Ramanujan was said to be a friend of every integer, and no incident demonstrates his love for numbers better than an exchange he had with Hardy not long before his death. While he was lying ill, Hardy came to visit him. In an attempt to lift the ailing mathematician’s spirits, Hardy led off with a comment about a number, numbers being Ramanujan’s favorite topic: “I came here in a taxi with a very boring number: 1729.” To his surprise Ramanujan gathered whatever strength he still possessed, jumped up in bed, and cried, “No, Hardy, no, Hardy—it’s a very interesting number! It’s the smallest number expressible as sums of two cubes in two different ways!” (The number 1,729 = 103 + 93 = 13 + 123.) From this event, the mathematical study of taxicab numbers—the smallest numbers that can be expressed as sums of two (positive) cubes in n distinct ways—emerged. To date, only the first six taxicab numbers have been found.

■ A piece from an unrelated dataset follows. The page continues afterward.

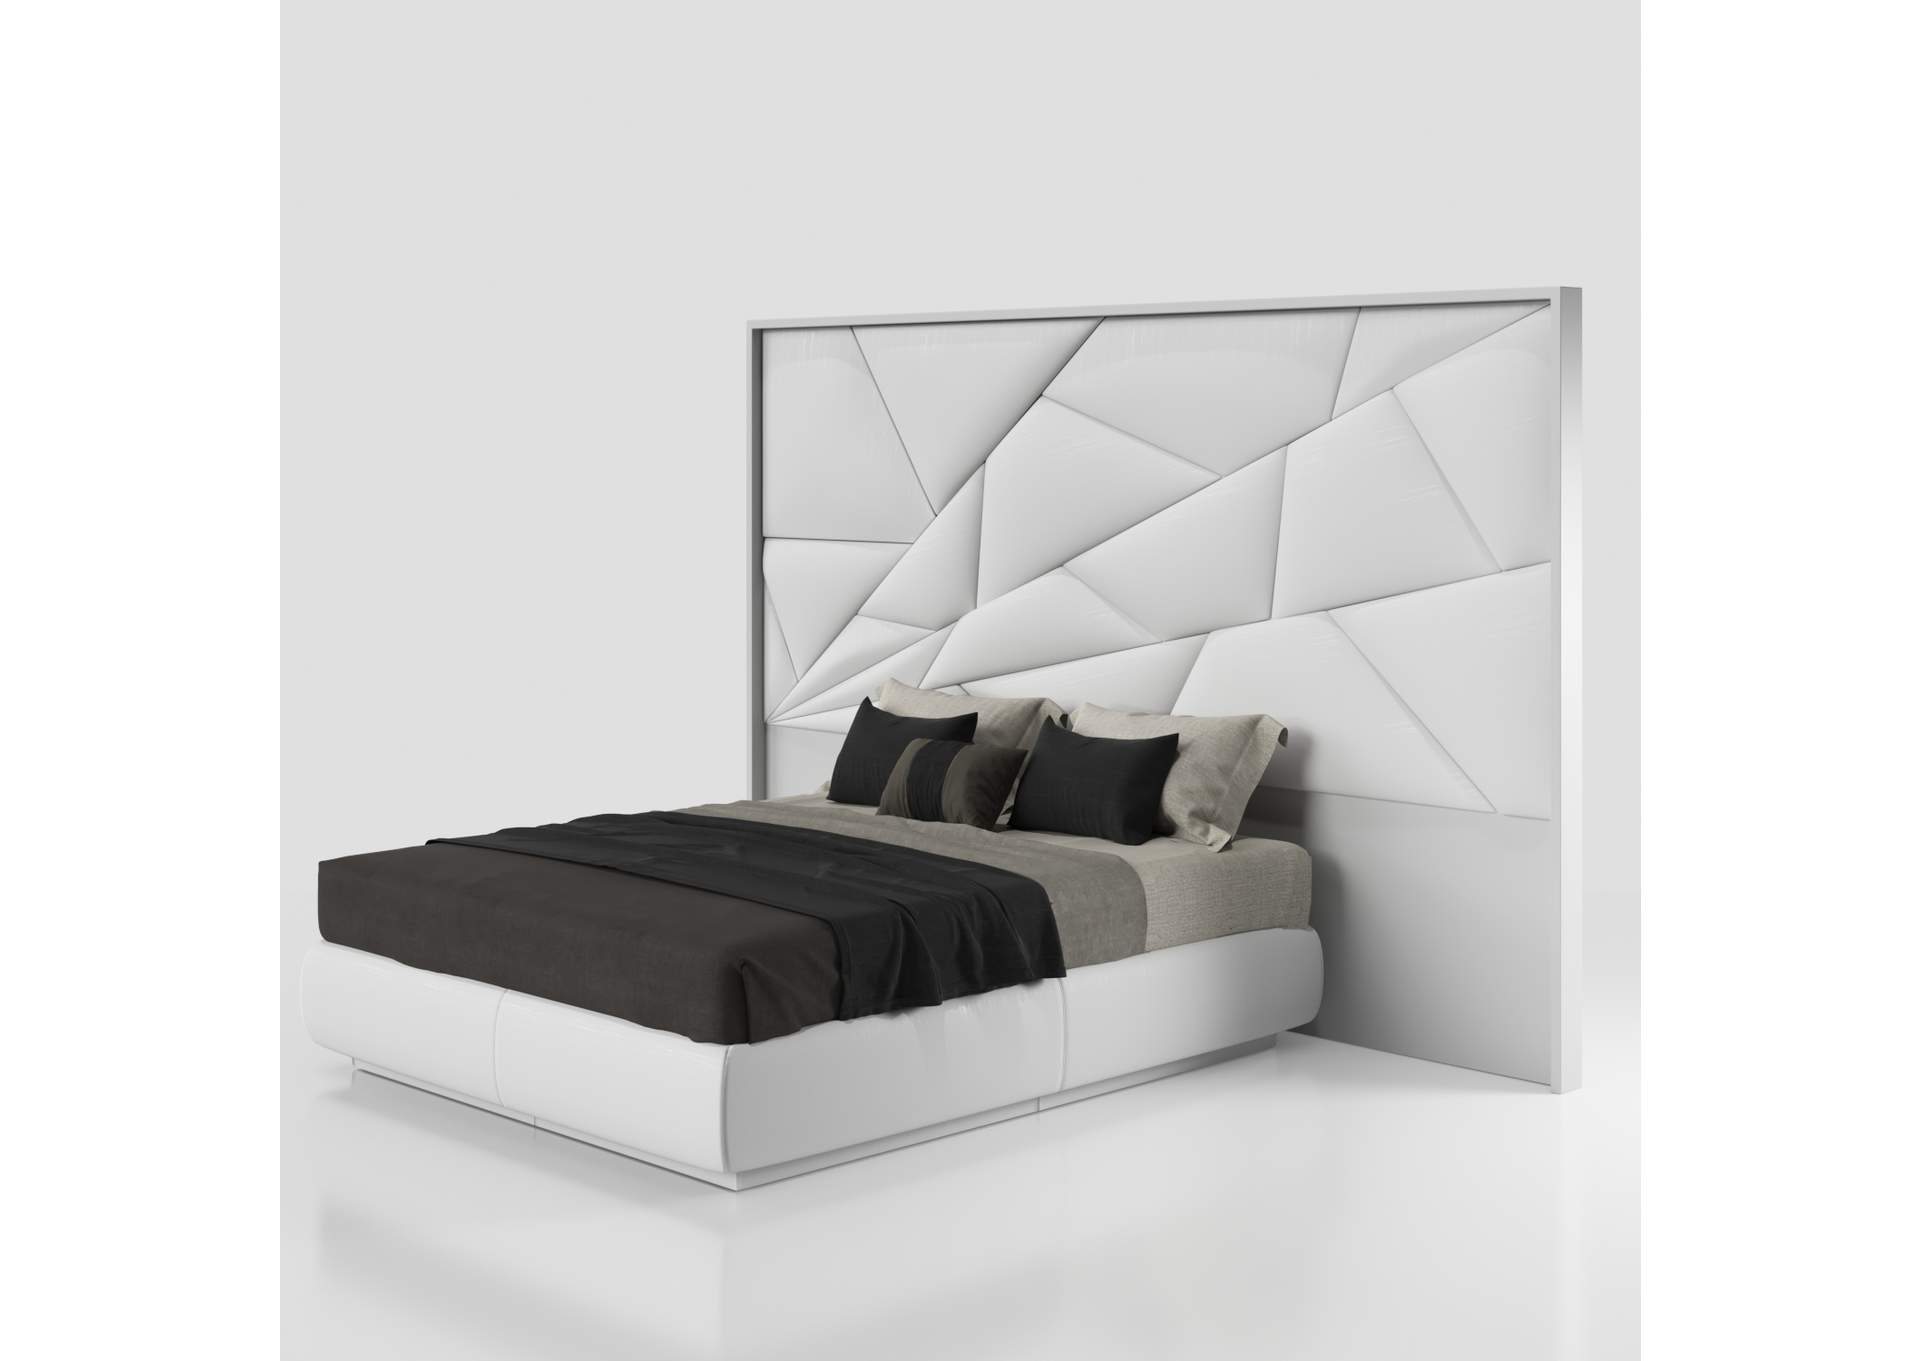 Majesty Bedroom with Light And Kiu Cases SET,ESF Wholesale Furniture

Shortly after Hardy’s visit, Ramanujan’s condition worsened. In despair, he decided to return home to India, thinking that the warm weather there would help him improve. In February 1919 he left for India, arriving in Madras the following month. Unfortunately, he was already too sick to recover. On April 26, 1920, in Kumbakonam, Ramanujan died. He was only thirty-two years old. His widow, Amal, continued to live in Madras until her death seventy-four years later, in 1994.
FELIX KLEIN AND THE
ERLANGEN PROGRAM
One of the most prominent mathematicians in Germany in the late 1800s was Felix Klein (1849–1925), who taught at the University of Erlangen, in Bavaria. After attending the gymnasium in his hometown of Düsseldorf, he matriculated from the University of Bonn, where he had plans to earn a degree in physics.
Under the direction of Julius Plücker, the chair of mathematics and experimental physics, Klein studied many types of geometry that were emerging at the time. He also studied the connections between geometry and group theory—the area discovered by Galois. In 1868, he received his doctorate. When Plücker died in the middle of writing a book on geometry, Klein took up where his former professor had left off and completed it. The resulting work, New Geometry, included ideas on such emergent geometries as the Riemannian geometry of the brilliant German mathematician Georg Friedrich Bernhard Riemann (1826–66), which is very important in both mathematics and theoretical physics, as well as the non-Euclidean geometries developed by Gauss, János Bolyai (1802–60), and Nikolai Lobachevsky (1792–1856). Klein visited Paris and was greatly impressed by the methods of group theory developed at that time. Groups can be connected with geometries. Once a group associated with a geometrical object can be identified, this gives the mathematician information about the geometry of an object that might otherwise not be discoverable.
At the University of Göttingen, Germany, Felix Klein supervised the first Ph.D. thesis ever written by a woman in the mathematics department. The degree was awarded to Grace Chisholm Young in 1895.
While lecturing at Göttingen, Klein met Sophus Lie, with whom he collaborated in research on groups and their properties. When he became a professor of mathematics in 1872, at the age of twenty-three, Klein gave an address that has become well known around the world. In this lecture, he inaugurated the Erlangen Program, through which he hoped to classify geometries by their associated groups of symmetries. Three years after he became professor at Erlangen, Klein married Anna Hegel, the granddaughter of the famous German philosopher Georg Wilhelm Friedrich Hegel.
In 1882 Klein discovered a nonorientable surface now called the Klein bottle. It is an extension to three dimensions of the previously known Möbius strip, a nonorientable surface named after the German mathematician August Ferdinand Möbius, who discovered it in 1859. Both surfaces are shown below.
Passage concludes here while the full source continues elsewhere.